In this post, we’ll dive into how we built video into our iOS app including best practices we learned while working with AVFoundation and building a native video experience from scratch.

AVFoundation 101

Here we’ll introduce a few key concepts in AVFoundation as context for the rest of the post. For those of you who have been working with AVFoundation or AVKit, feel free to skip ahead.

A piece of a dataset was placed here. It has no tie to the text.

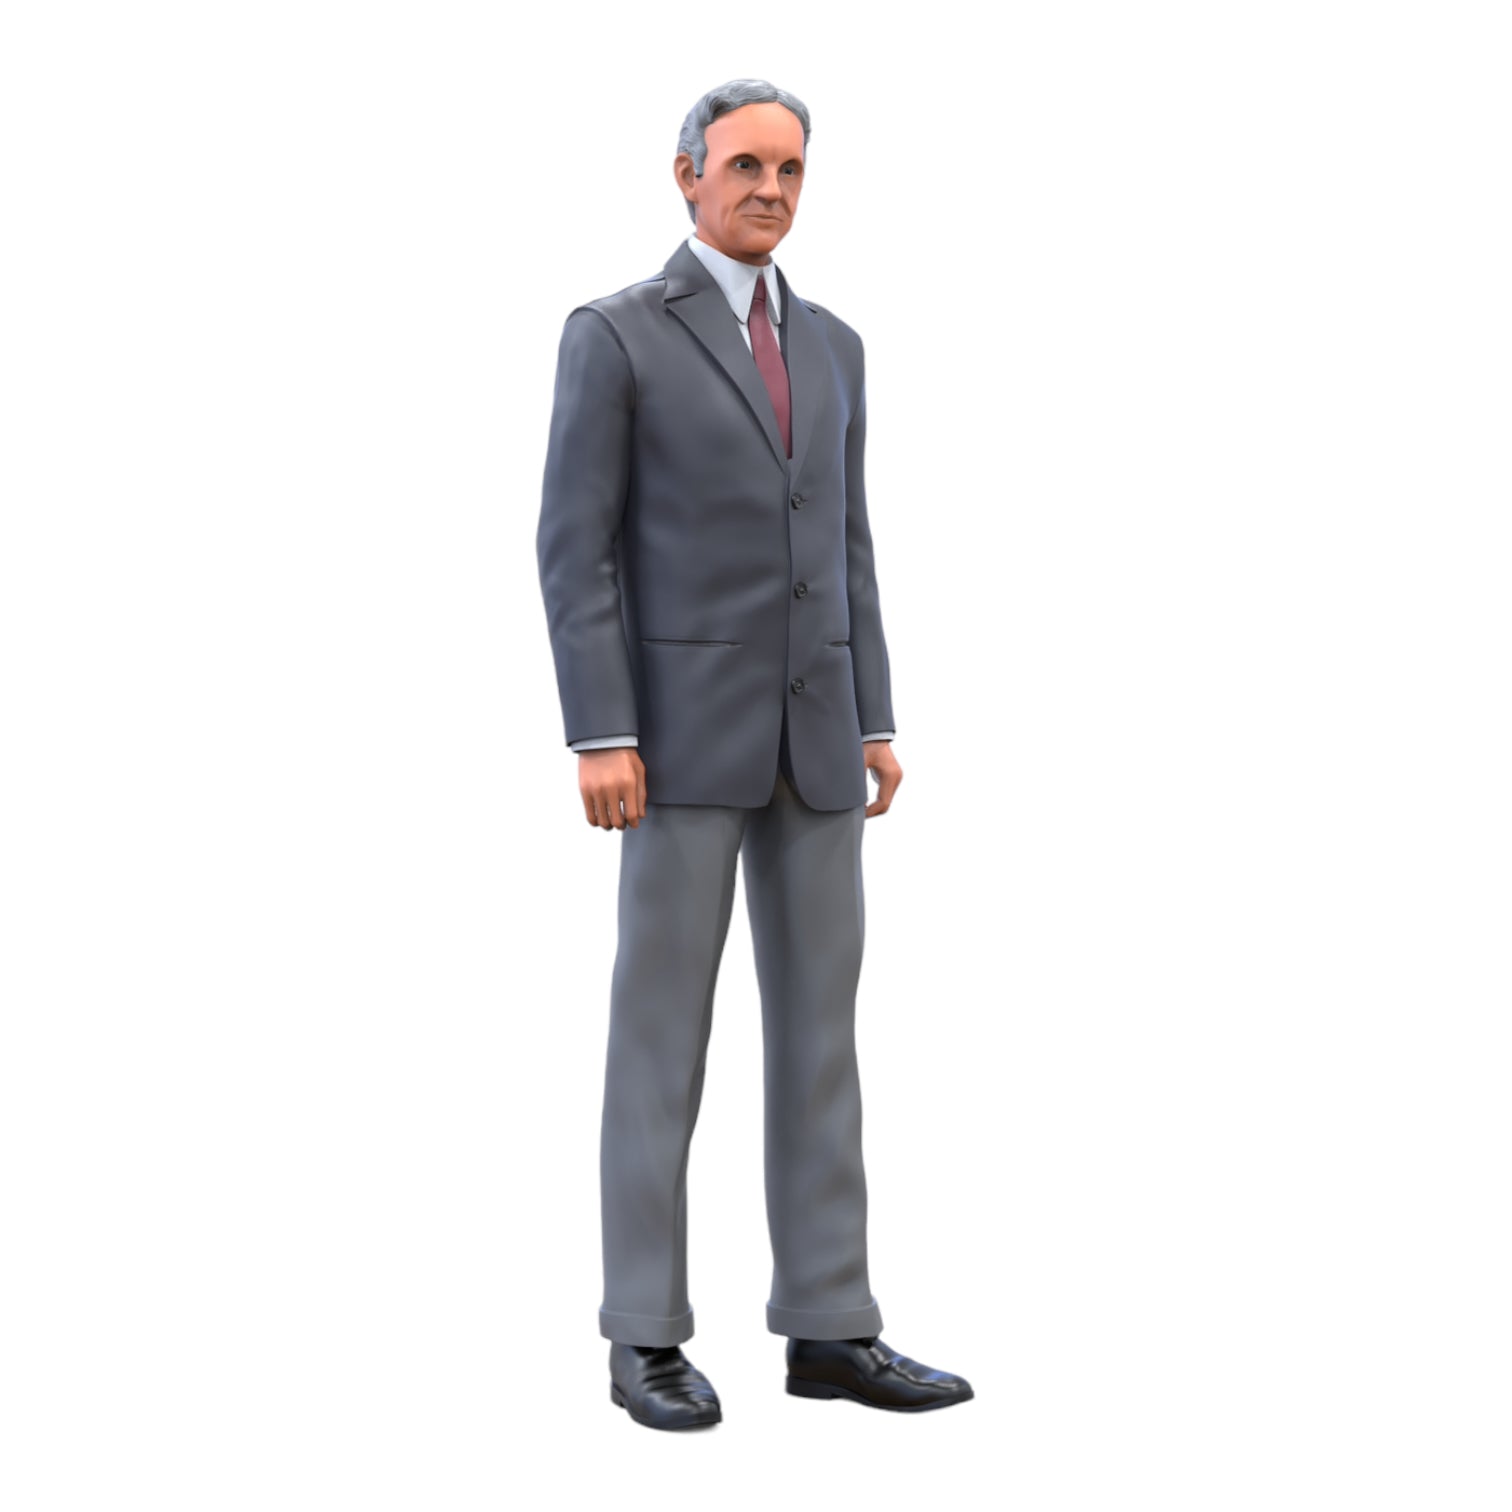 Produktfoto Diorama und Modellbau Miniatur Figur: Mann im Anzug

We built our video experience using AVFoundation, the standard framework provided by Apple that sits on top of Core Media, Core Audio and Core Animation. It provides an interface to a powerful framework which allows developers to create time-based audiovisual media.

Terms

  • AVPlayer: The engine of video playing on iOS that provides control interfaces for video playback.
  • /* Examples of Provided APIs */ - (AVPlayerStatus)status; - play(); - pause(); - (void)seekToTime:(CMTime)time; - addPeriodicTimeObserverForInterval; - addBoundaryTimeObserverForTimes;
  • AVPlayerLayer: A subclass of CALayer to which an AVPlayer directs its visual output. Think of it as a monitor: it renders content for the connected AVPlayer. This is how you create one:
  • + (AVPlayerLayer *)playerLayerWithPlayer:(AVPlayer *)player;
  • One of our favorite features built into AVFoundation enables developers to create multiple AVPlayerLayers against a single AVPlayer so all AVPlayerLayers play the output of that AVPlayer in sync. This made modularizing player container views and transitions between ViewControllers easy to implement.
  • AVPlayerItem: An AVPlayerItem is initialized with an AVAsset and represents a playable resource.

Goals

We had three main goals while architecting the video framework:

  1. Meet current and potential long-term product needs. Since we’re building a client-side infrastructure to accommodate future product needs, we made the video components modular, portable and robust.
  2. Be resource savvy since videos can be extremely resource intensive and can cause OOM crashes or out-of-disk-space shutdowns. Additionally, if we weren’t careful, we could drain a user’s data or their battery quickly.
  3. Prioritize performance and minimize frame drops in scrolling and in transitions. Playing videos is inherently main thread intensive, so we had to balance the video playback experience and its potential UI performance impacts.

A User Scenario

Before we dive into the architecture, let’s consider the following user scenario:

  1. User finds a video Pin autoplay-ing in the home feed.
  2. User taps on it and the video zooms up into Pin Closeup and continue to play.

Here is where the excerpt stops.